Chaque territoire disposait d’un pensionnaire devant assurer les fonctions gouvernementales, mais seul celui
de la Hollande était considéré comme interlocuteur légitime par les autres États d’Europe.
— Jusqu’au début du XIXe siècle, alors que le pays deviendra une monarchie constitutionelle, le système
politique connaitra une évolution saccadée, opposant les États généraux des diverses provinces au stathouder,
qui se prétend héritier du pouvoir central après l’Acte de La Haye.
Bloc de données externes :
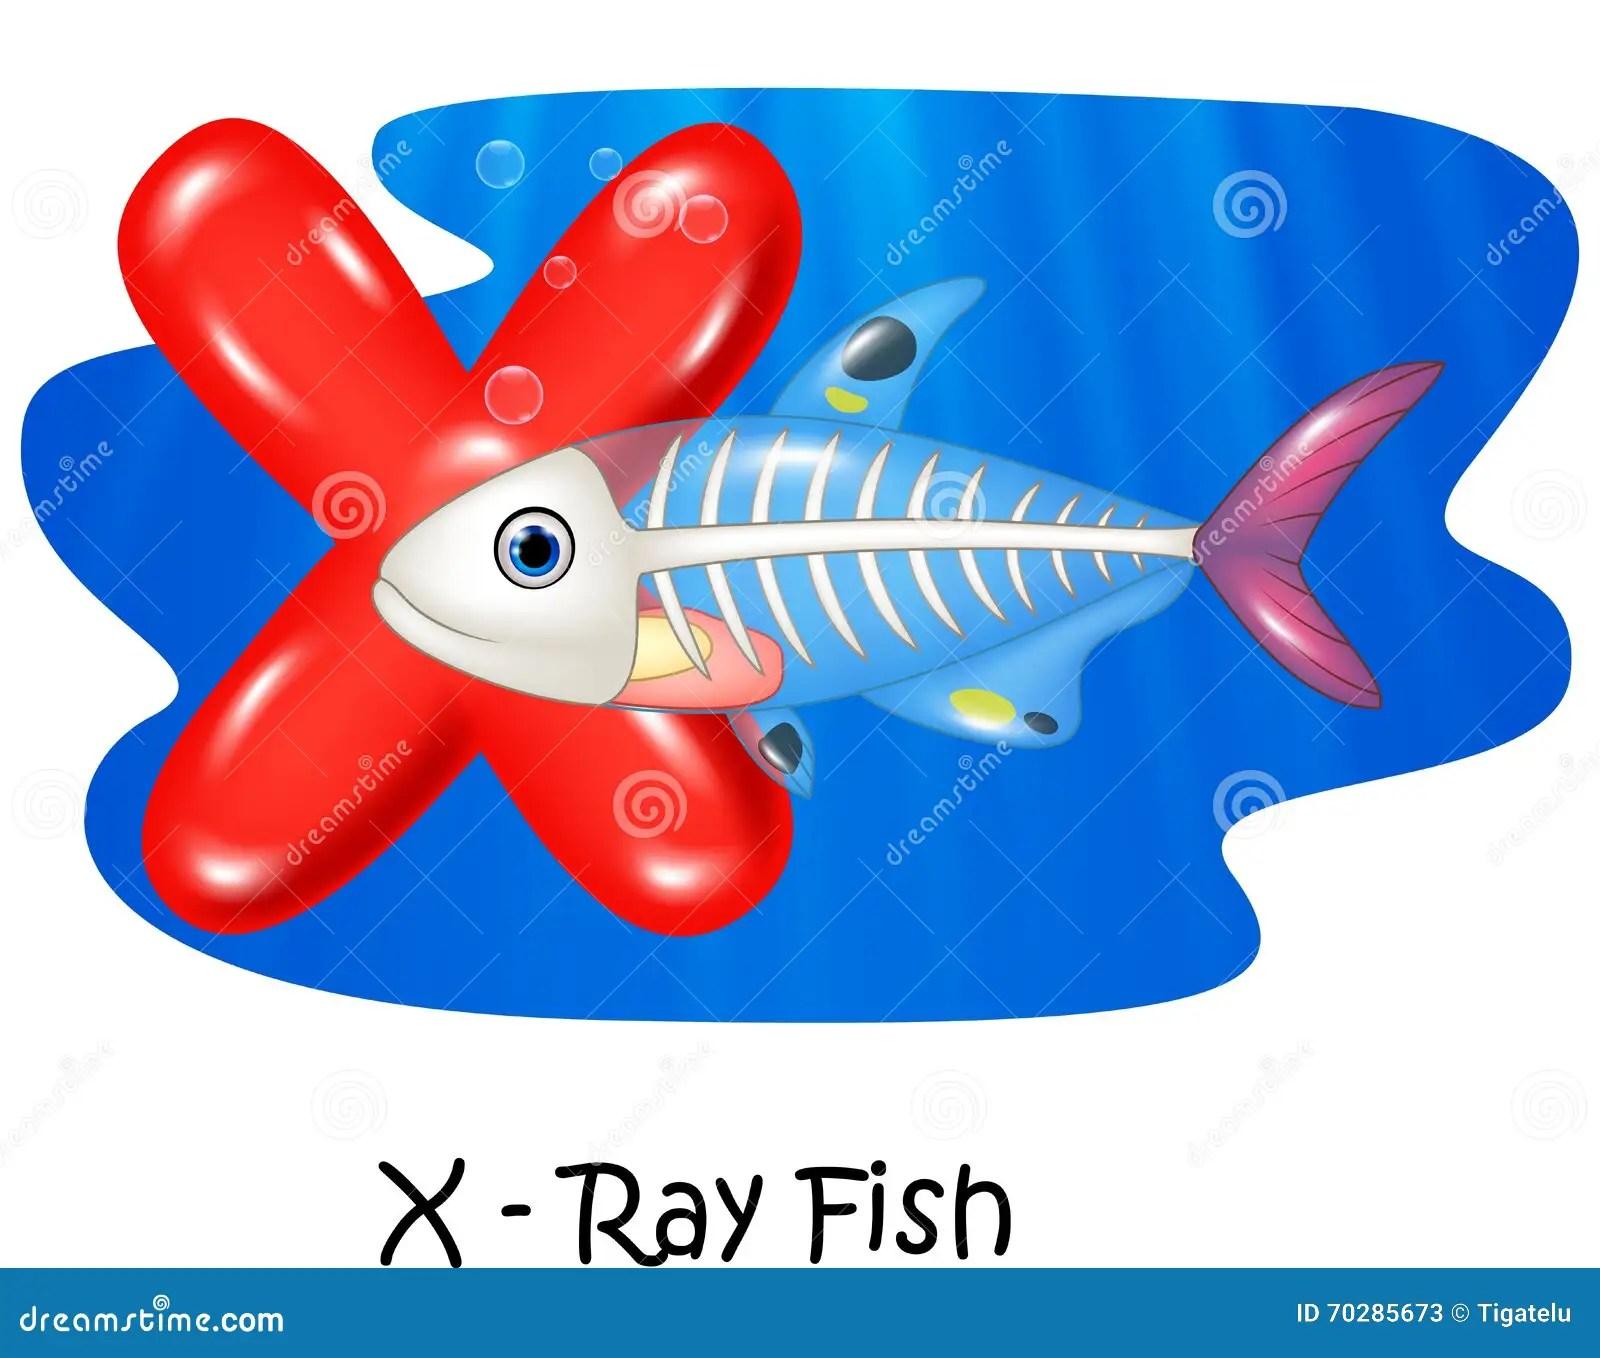 Cartoon Illustration X Of Letter X Ray Fish Stock Vector

— Dans cet ensemble, il convient de souligner la prépondérance politique, économique et culturelle de la
Hollande sur les autres membres, car grâce à sa situation géographique, le long des côtes de la mer du nord,
elle concentre les principales villes du territoire (Amsterdam, Rotterdam et La Haye, entre autres).
— Indépendamment des tribulations politiques et militaires, les XVIe et XVIIe siècles furent pour les
Provinces-Unies une période de grandes réalisations, grâce à la puissance de la bourgeoise commerçante.
Deux éléments (l’explosion artistique et la puissance coloniale) illustrent cette grandeur, qui doit beaucoup à
la situation géographique de ces territoires, excentrés par rapport à l’empire et bénéficiant d’un large accès
maritime.
— Cette combinaison permettra à la population, moins soumise à partir du XVe siècle aux guerres féodales,
de développer une puissance commerciale, puis militaire, capable de s’opposer aux grands états territoriaux
de la Renaissance, pour faire des Pays-Bas l’une des très grandes puissances européennes de l’ère moderne.
— Grâce à la richesse de ses grandes familles marchandes, qui peuvent alors se consacrer au mécénat, le
XVIe siècle voit l’émergence de l’école hollandaise en peinture, de Rembrandt à Reubens qui, s’appuyant sur
l’école primitive flamande (XVe siècle) va faire au nord de l’Europe ce que les écoles italiennes de la
renaissance feront au sud, soit déterminer toute l’esthétique de l’époque.
— Et il y a bien sûr l’empire colonial, à la fois conséquence et cause de l’indépendance politique des
territoires. Car avant même le traité de 1648, la puissance maritime des Pays-Bas, développée d’abord pour le
commerce et pour faire face à la puissance navale espagnole, trouve dans la projection coloniale un domaine
naturel d’expansion.
— Évidemment, compte tenu de sa faible population (quelques millions d’habitants au tournant du XVIIe
siècle), il n’est pas question pour les Pays-Bas de développer des colonies de peuplement et les autorités
politiques et commerçantes vont plutôt favoriser l’établissement de comptoirs commerciaux, même si dans
certains cas (Inde néerlandaise et Guyane Hollandaise, par exemple), le contrôle territorial prendra aussi des
formes politiques.
— La fondation en 1624 sur l’Hudson de la ville de Neue Amsterdam témoigne de même des grandes
capacités de projection économique des Pays-Bas.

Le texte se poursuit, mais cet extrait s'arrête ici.